- _TASK BRIEF_: Give back every record that follows, exactly as written.

- _RECORDS SUPPLIED_:
-------
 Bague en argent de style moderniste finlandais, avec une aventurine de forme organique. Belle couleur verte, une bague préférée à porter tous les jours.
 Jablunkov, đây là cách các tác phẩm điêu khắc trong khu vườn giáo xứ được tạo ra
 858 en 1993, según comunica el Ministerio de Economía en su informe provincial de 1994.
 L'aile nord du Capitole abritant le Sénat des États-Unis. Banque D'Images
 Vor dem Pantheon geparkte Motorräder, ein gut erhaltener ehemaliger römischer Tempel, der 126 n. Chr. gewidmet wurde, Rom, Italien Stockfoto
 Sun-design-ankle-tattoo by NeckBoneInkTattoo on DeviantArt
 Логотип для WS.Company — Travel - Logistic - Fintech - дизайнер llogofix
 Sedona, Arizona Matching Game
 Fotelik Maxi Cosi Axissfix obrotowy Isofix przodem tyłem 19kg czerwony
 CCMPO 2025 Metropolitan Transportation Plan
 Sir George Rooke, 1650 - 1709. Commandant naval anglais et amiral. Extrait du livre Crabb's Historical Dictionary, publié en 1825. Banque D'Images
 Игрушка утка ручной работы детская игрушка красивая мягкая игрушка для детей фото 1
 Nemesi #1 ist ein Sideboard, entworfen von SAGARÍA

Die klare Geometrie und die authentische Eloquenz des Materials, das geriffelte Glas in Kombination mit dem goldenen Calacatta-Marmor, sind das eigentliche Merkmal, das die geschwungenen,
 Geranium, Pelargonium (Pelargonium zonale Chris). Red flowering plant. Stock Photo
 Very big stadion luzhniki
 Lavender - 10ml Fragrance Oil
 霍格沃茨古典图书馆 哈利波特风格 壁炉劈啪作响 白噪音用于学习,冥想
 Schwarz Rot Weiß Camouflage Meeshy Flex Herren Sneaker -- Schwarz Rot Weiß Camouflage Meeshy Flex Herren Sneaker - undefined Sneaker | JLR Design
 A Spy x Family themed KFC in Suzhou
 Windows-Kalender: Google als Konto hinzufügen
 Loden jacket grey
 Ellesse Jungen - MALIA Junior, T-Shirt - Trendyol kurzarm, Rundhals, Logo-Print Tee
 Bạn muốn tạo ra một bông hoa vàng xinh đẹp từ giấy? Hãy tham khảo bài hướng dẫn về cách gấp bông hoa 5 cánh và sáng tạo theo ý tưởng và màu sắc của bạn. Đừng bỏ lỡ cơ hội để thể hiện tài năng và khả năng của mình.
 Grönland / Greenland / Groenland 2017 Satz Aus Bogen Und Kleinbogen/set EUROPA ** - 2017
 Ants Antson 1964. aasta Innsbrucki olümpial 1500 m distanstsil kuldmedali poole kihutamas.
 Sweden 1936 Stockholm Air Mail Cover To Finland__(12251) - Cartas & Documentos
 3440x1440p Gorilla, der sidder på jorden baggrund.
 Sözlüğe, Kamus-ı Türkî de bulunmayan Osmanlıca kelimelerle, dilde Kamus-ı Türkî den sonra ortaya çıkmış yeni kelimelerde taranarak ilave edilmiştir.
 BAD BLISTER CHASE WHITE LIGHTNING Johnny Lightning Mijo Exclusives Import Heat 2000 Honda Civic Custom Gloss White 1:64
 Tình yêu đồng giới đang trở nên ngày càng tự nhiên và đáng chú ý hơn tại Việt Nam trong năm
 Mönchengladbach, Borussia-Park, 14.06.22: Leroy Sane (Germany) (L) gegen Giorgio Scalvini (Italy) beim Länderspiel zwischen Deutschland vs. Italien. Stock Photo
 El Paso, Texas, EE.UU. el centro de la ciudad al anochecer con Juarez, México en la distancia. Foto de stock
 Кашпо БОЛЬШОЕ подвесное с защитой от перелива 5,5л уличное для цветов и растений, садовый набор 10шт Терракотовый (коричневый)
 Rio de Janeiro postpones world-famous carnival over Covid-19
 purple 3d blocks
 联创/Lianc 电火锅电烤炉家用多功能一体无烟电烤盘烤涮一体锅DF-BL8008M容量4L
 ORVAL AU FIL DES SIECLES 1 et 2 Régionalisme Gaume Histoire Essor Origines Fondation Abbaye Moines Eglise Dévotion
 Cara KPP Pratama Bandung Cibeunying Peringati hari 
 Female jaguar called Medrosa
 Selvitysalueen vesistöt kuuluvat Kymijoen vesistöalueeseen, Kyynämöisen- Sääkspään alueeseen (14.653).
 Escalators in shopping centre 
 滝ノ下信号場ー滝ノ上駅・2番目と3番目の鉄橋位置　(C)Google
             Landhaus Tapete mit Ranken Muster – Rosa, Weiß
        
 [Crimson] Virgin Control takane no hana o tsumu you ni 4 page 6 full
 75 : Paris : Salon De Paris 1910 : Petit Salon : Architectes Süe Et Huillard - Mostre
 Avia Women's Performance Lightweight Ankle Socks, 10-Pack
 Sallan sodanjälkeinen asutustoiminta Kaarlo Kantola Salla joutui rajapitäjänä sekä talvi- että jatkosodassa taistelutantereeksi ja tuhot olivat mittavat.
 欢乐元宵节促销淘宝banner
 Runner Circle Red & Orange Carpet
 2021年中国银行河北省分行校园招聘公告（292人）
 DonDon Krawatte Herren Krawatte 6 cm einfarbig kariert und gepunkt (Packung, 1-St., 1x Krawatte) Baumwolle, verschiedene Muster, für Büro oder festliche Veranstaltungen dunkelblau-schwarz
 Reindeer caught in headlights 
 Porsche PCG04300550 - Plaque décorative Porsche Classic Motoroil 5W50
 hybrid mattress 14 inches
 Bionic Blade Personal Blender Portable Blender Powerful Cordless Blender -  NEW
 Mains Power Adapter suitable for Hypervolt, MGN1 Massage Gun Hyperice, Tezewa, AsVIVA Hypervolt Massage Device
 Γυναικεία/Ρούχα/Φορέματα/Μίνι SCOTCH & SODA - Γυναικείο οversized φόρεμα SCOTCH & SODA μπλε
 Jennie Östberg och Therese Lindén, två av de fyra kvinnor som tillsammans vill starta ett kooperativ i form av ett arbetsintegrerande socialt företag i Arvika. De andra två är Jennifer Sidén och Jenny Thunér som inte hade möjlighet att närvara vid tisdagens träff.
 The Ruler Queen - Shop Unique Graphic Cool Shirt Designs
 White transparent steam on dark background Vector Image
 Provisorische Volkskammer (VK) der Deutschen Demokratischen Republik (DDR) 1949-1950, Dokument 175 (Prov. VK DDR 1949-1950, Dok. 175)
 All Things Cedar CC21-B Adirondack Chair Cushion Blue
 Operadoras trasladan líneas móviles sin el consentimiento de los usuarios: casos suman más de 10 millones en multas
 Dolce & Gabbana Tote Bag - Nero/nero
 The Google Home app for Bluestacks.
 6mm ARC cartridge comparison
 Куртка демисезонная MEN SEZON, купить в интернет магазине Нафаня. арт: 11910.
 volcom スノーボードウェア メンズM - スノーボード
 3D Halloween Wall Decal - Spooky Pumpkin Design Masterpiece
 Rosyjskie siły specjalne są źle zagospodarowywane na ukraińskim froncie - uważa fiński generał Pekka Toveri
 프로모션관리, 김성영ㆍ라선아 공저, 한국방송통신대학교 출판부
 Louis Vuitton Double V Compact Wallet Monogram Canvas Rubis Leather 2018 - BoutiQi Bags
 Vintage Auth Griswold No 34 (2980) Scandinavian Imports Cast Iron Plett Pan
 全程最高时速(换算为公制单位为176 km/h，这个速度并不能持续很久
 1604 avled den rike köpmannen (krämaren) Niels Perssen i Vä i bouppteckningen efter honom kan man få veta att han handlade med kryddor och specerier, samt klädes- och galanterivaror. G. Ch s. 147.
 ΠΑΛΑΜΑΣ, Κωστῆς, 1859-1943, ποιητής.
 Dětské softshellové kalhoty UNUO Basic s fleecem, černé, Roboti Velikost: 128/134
-------
- _ANSWER AREA_:
 Bague en argent de style moderniste finlandais, avec une aventurine de forme organique. Belle couleur verte, une bague préférée à porter tous les jours.
 Jablunkov, đây là cách các tác phẩm điêu khắc trong khu vườn giáo xứ được tạo ra
 858 en 1993, según comunica el Ministerio de Economía en su informe provincial de 1994.
 L'aile nord du Capitole abritant le Sénat des États-Unis. Banque D'Images
 Vor dem Pantheon geparkte Motorräder, ein gut erhaltener ehemaliger römischer Tempel, der 126 n. Chr. gewidmet wurde, Rom, Italien Stockfoto
 Sun-design-ankle-tattoo by NeckBoneInkTattoo on DeviantArt
 Логотип для WS.Company — Travel - Logistic - Fintech - дизайнер llogofix
 Sedona, Arizona Matching Game
 Fotelik Maxi Cosi Axissfix obrotowy Isofix przodem tyłem 19kg czerwony
 CCMPO 2025 Metropolitan Transportation Plan
 Sir George Rooke, 1650 - 1709. Commandant naval anglais et amiral. Extrait du livre Crabb's Historical Dictionary, publié en 1825. Banque D'Images
 Игрушка утка ручной работы детская игрушка красивая мягкая игрушка для детей фото 1
 Nemesi #1 ist ein Sideboard, entworfen von SAGARÍA

Die klare Geometrie und die authentische Eloquenz des Materials, das geriffelte Glas in Kombination mit dem goldenen Calacatta-Marmor, sind das eigentliche Merkmal, das die geschwungenen,
 Geranium, Pelargonium (Pelargonium zonale Chris). Red flowering plant. Stock Photo
 Very big stadion luzhniki
 Lavender - 10ml Fragrance Oil
 霍格沃茨古典图书馆 哈利波特风格 壁炉劈啪作响 白噪音用于学习,冥想
 Schwarz Rot Weiß Camouflage Meeshy Flex Herren Sneaker -- Schwarz Rot Weiß Camouflage Meeshy Flex Herren Sneaker - undefined Sneaker | JLR Design
 A Spy x Family themed KFC in Suzhou
 Windows-Kalender: Google als Konto hinzufügen
 Loden jacket grey
 Ellesse Jungen - MALIA Junior, T-Shirt - Trendyol kurzarm, Rundhals, Logo-Print Tee
 Bạn muốn tạo ra một bông hoa vàng xinh đẹp từ giấy? Hãy tham khảo bài hướng dẫn về cách gấp bông hoa 5 cánh và sáng tạo theo ý tưởng và màu sắc của bạn. Đừng bỏ lỡ cơ hội để thể hiện tài năng và khả năng của mình.
 Grönland / Greenland / Groenland 2017 Satz Aus Bogen Und Kleinbogen/set EUROPA ** - 2017
 Ants Antson 1964. aasta Innsbrucki olümpial 1500 m distanstsil kuldmedali poole kihutamas.
 Sweden 1936 Stockholm Air Mail Cover To Finland__(12251) - Cartas & Documentos
 3440x1440p Gorilla, der sidder på jorden baggrund.
 Sözlüğe, Kamus-ı Türkî de bulunmayan Osmanlıca kelimelerle, dilde Kamus-ı Türkî den sonra ortaya çıkmış yeni kelimelerde taranarak ilave edilmiştir.
 BAD BLISTER CHASE WHITE LIGHTNING Johnny Lightning Mijo Exclusives Import Heat 2000 Honda Civic Custom Gloss White 1:64
 Tình yêu đồng giới đang trở nên ngày càng tự nhiên và đáng chú ý hơn tại Việt Nam trong năm
 Mönchengladbach, Borussia-Park, 14.06.22: Leroy Sane (Germany) (L) gegen Giorgio Scalvini (Italy) beim Länderspiel zwischen Deutschland vs. Italien. Stock Photo
 El Paso, Texas, EE.UU. el centro de la ciudad al anochecer con Juarez, México en la distancia. Foto de stock
 Кашпо БОЛЬШОЕ подвесное с защитой от перелива 5,5л уличное для цветов и растений, садовый набор 10шт Терракотовый (коричневый)
 Rio de Janeiro postpones world-famous carnival over Covid-19
 purple 3d blocks
 联创/Lianc 电火锅电烤炉家用多功能一体无烟电烤盘烤涮一体锅DF-BL8008M容量4L
 ORVAL AU FIL DES SIECLES 1 et 2 Régionalisme Gaume Histoire Essor Origines Fondation Abbaye Moines Eglise Dévotion
 Cara KPP Pratama Bandung Cibeunying Peringati hari 
 Female jaguar called Medrosa
 Selvitysalueen vesistöt kuuluvat Kymijoen vesistöalueeseen, Kyynämöisen- Sääkspään alueeseen (14.653).
 Escalators in shopping centre 
 滝ノ下信号場ー滝ノ上駅・2番目と3番目の鉄橋位置　(C)Google
             Landhaus Tapete mit Ranken Muster – Rosa, Weiß
        
 [Crimson] Virgin Control takane no hana o tsumu you ni 4 page 6 full
 75 : Paris : Salon De Paris 1910 : Petit Salon : Architectes Süe Et Huillard - Mostre
 Avia Women's Performance Lightweight Ankle Socks, 10-Pack
 Sallan sodanjälkeinen asutustoiminta Kaarlo Kantola Salla joutui rajapitäjänä sekä talvi- että jatkosodassa taistelutantereeksi ja tuhot olivat mittavat.
 欢乐元宵节促销淘宝banner
 Runner Circle Red & Orange Carpet
 2021年中国银行河北省分行校园招聘公告（292人）
 DonDon Krawatte Herren Krawatte 6 cm einfarbig kariert und gepunkt (Packung, 1-St., 1x Krawatte) Baumwolle, verschiedene Muster, für Büro oder festliche Veranstaltungen dunkelblau-schwarz
 Reindeer caught in headlights 
 Porsche PCG04300550 - Plaque décorative Porsche Classic Motoroil 5W50
 hybrid mattress 14 inches
 Bionic Blade Personal Blender Portable Blender Powerful Cordless Blender -  NEW
 Mains Power Adapter suitable for Hypervolt, MGN1 Massage Gun Hyperice, Tezewa, AsVIVA Hypervolt Massage Device
 Γυναικεία/Ρούχα/Φορέματα/Μίνι SCOTCH & SODA - Γυναικείο οversized φόρεμα SCOTCH & SODA μπλε
 Jennie Östberg och Therese Lindén, två av de fyra kvinnor som tillsammans vill starta ett kooperativ i form av ett arbetsintegrerande socialt företag i Arvika. De andra två är Jennifer Sidén och Jenny Thunér som inte hade möjlighet att närvara vid tisdagens träff.
 The Ruler Queen - Shop Unique Graphic Cool Shirt Designs
 White transparent steam on dark background Vector Image
 Provisorische Volkskammer (VK) der Deutschen Demokratischen Republik (DDR) 1949-1950, Dokument 175 (Prov. VK DDR 1949-1950, Dok. 175)
 All Things Cedar CC21-B Adirondack Chair Cushion Blue
 Operadoras trasladan líneas móviles sin el consentimiento de los usuarios: casos suman más de 10 millones en multas
 Dolce & Gabbana Tote Bag - Nero/nero
 The Google Home app for Bluestacks.
 6mm ARC cartridge comparison
 Куртка демисезонная MEN SEZON, купить в интернет магазине Нафаня. арт: 11910.
 volcom スノーボードウェア メンズM - スノーボード
 3D Halloween Wall Decal - Spooky Pumpkin Design Masterpiece
 Rosyjskie siły specjalne są źle zagospodarowywane na ukraińskim froncie - uważa fiński generał Pekka Toveri
 프로모션관리, 김성영ㆍ라선아 공저, 한국방송통신대학교 출판부
 Louis Vuitton Double V Compact Wallet Monogram Canvas Rubis Leather 2018 - BoutiQi Bags
 Vintage Auth Griswold No 34 (2980) Scandinavian Imports Cast Iron Plett Pan
 全程最高时速(换算为公制单位为176 km/h，这个速度并不能持续很久
 1604 avled den rike köpmannen (krämaren) Niels Perssen i Vä i bouppteckningen efter honom kan man få veta att han handlade med kryddor och specerier, samt klädes- och galanterivaror. G. Ch s. 147.
 ΠΑΛΑΜΑΣ, Κωστῆς, 1859-1943, ποιητής.
 Dětské softshellové kalhoty UNUO Basic s fleecem, černé, Roboti Velikost: 128/134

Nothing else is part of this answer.